P-Rex1 and Rac have been implicated in modulating ERK1/2 signaling pathways (12, 18, 29, 34). The Kocak database was queried to assess for associations between the expression of P-Rex1 and ERK1 and ERK2 (Figure 7A). There was no significant association between the expression of P-Rex1 and ERK1/p44. However, there was a significant positive association between the expression of P-Rex1 and ERK2/p42 (p < 0.0001, R = 0.594, R² = 0.352). Results of immunoblotting evaluating levels of ERK protein activity in each cell line were consistent with these findings (Figure 7B). ERK activity was expressed as a ratio of phosphorylated ERK protein expression to total ERK protein expression using densitometry. There was no significant difference in ERK1 protein activity between BE(2)-C/shCON and BE(2)-C/shPREX1 cell lines. However, there was a significant decrease in the activity of ERK2 protein associated with silencing of P-Rex1 (BE(2)-C/shCON: (normalized to) 1 ± 0.059 vs. BE(2)-C/shPREX1 0.706 ± 0.064, p = 0.004) (Figure 7C).

Figure 7

Figure 7 Expression of P-Rex1 correlated with ERK2/p42 expression. (A) The Kocak database was queried to assess for associations between expression of P-Rex1 and ERK1 and 2. There was no significant association between the expression of P-Rex1 and ERK1/p44. However, there was a significant positive association between the expression of P-Rex1 and ERK2/p42. (B) Immunoblotting demonstrating total and phosphorylated ERK1 and ERK2 protein expression by cell line. (C) Densitometry analysis of ERK1/2 activity was performed, analyzed as a ratio of the density of each protein band relative to the density of each housekeeping control band, and then presented as a ratio of phosphorylated ERK1/2 protein expression to total ERK1/2 protein expression to represent ERK activity. There was no significant difference in ERK1 protein activity between BE(2)-C/shCON and BE(2)-C/shPREX1 cell lines. However, there was a significant decrease in the activity of ERK2 protein associated with silencing of P-Rex1. (mean ± SEM; ns, not significant; ** = p < 0.01).
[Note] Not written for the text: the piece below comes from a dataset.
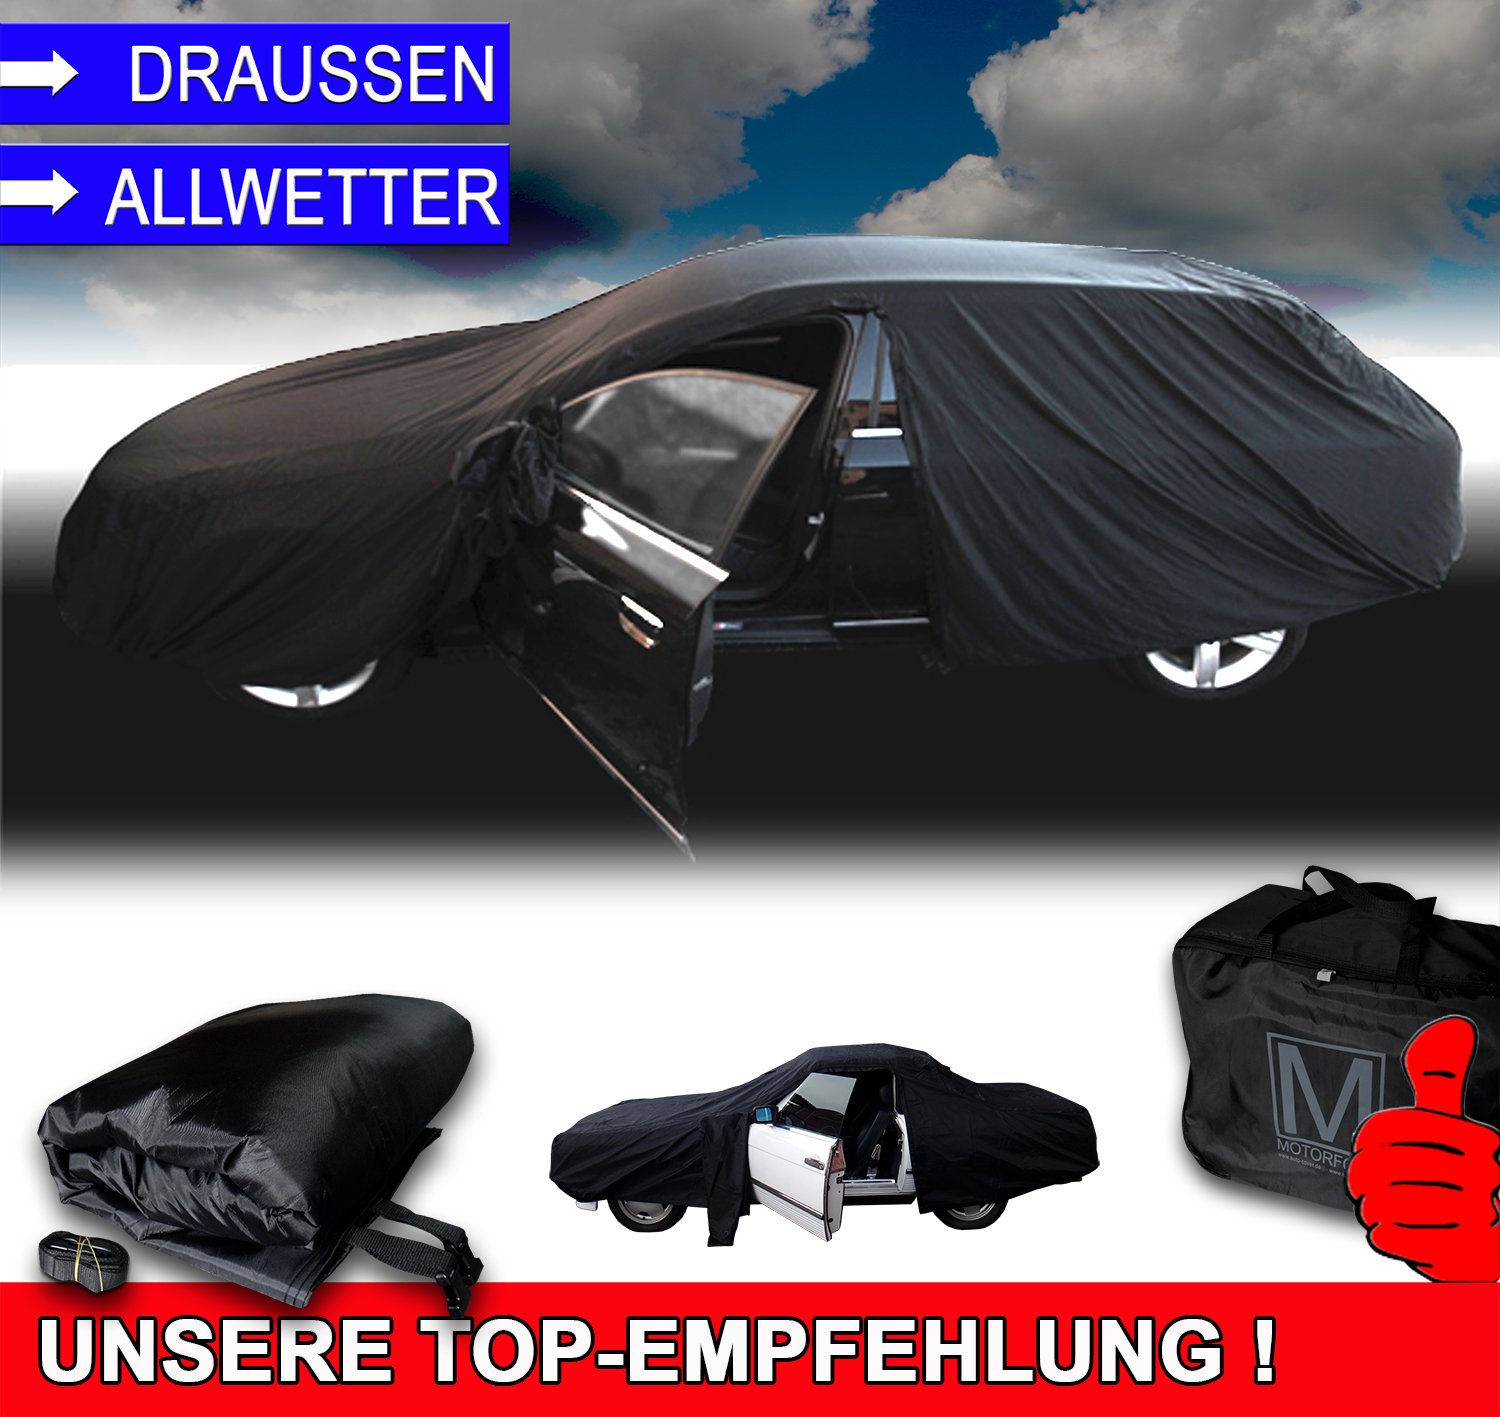 Optimo Outdoor Car Cover for BMW 5 series G31 Touring (2017-)
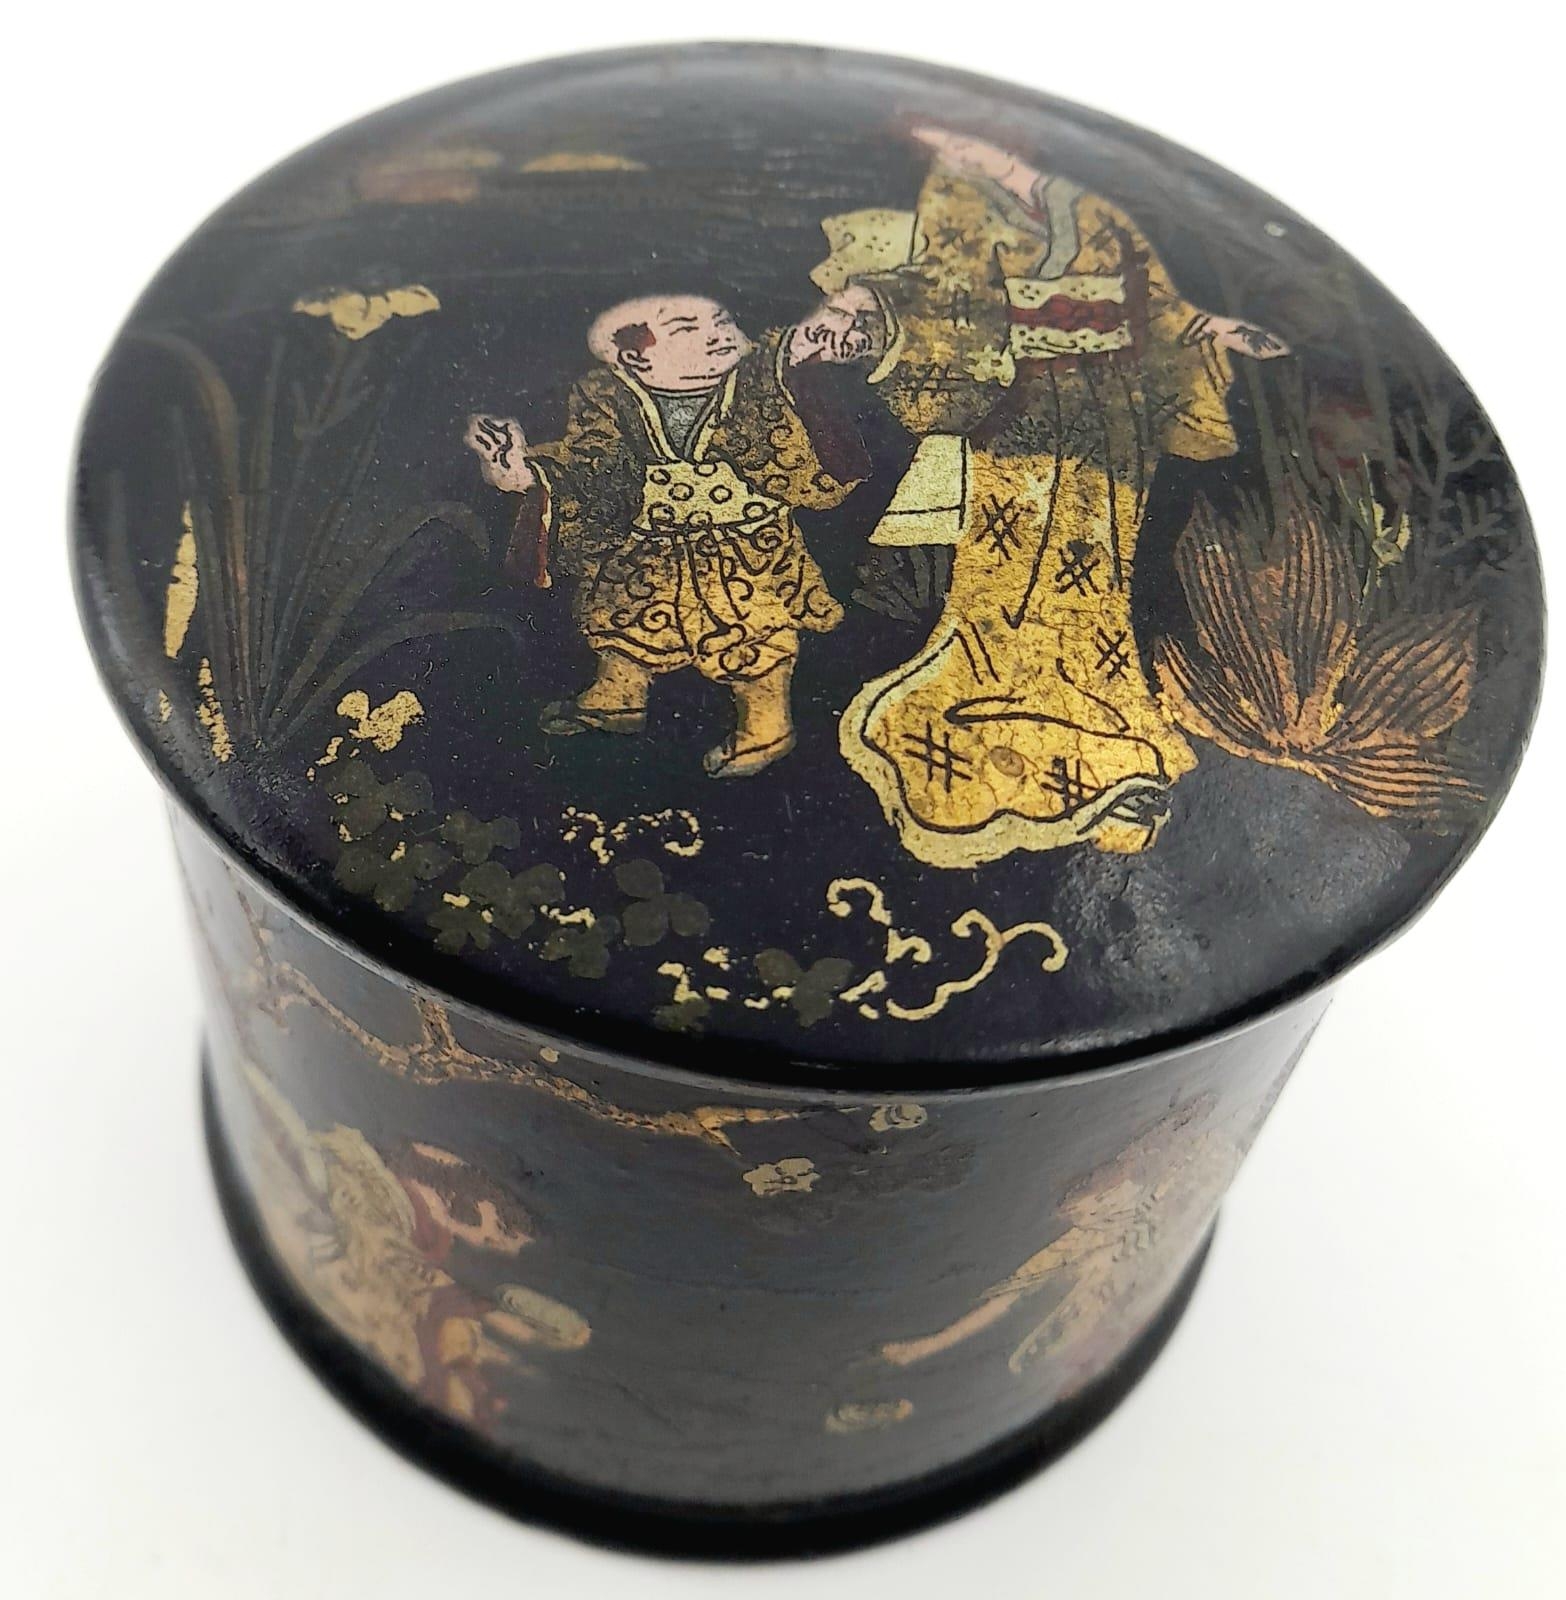 An Antique Chinese Black Lacquer Box. Wonderful decoration with gold on black depicting Mothers at

3.10 P-Rex1 silencing was associated with decreased secretion of matrix metalloproteinases

MMPs are enzymes capable of degrading extracellular matrix proteins (35). MMP-2 and MMP-9, in particular, have been associated with cancer metastasis (35). The Kocak database was queried to evaluate for a potential association between the expression of P-Rex1 with MMP-2 and MMP-9 (Figure 8A). P-Rex1 expression was significantly and positively associated with both MMP-2 (p < 0.0001, R = 0.185, R² = 0.034) and MMP-9 (p < 0.0001, R = 0.453, R² = 0.205) expression. Increased expression of MMPs at the mRNA and protein level has been associated with poor prognosis in numerous cancers (35).

Figure 8

Figure 8 Silencing of P-Rex1 decreased secretion of matrix metalloproteinases (MMPs) and increased protein expression of tissue inhibitors of metalloproteinases (TIMPs). (A) The Kocak database was queried to evaluate for a potential association between the expression of P-Rex1 with MMP-2 and MMP-9. P-Rex1 expression was significantly and positively associated with both MMP-2 and MMP-9 expression. (B) BE(2)-C/shPREX1 cells demonstrated significantly decreased secretion of MMP-2 at 24 hours relative to control on ELISA. (C) BE(2)-C/shPREX1 cells demonstrated increased protein expression of TIMP1 on immunoblotting relative to control. * = p < 0.05.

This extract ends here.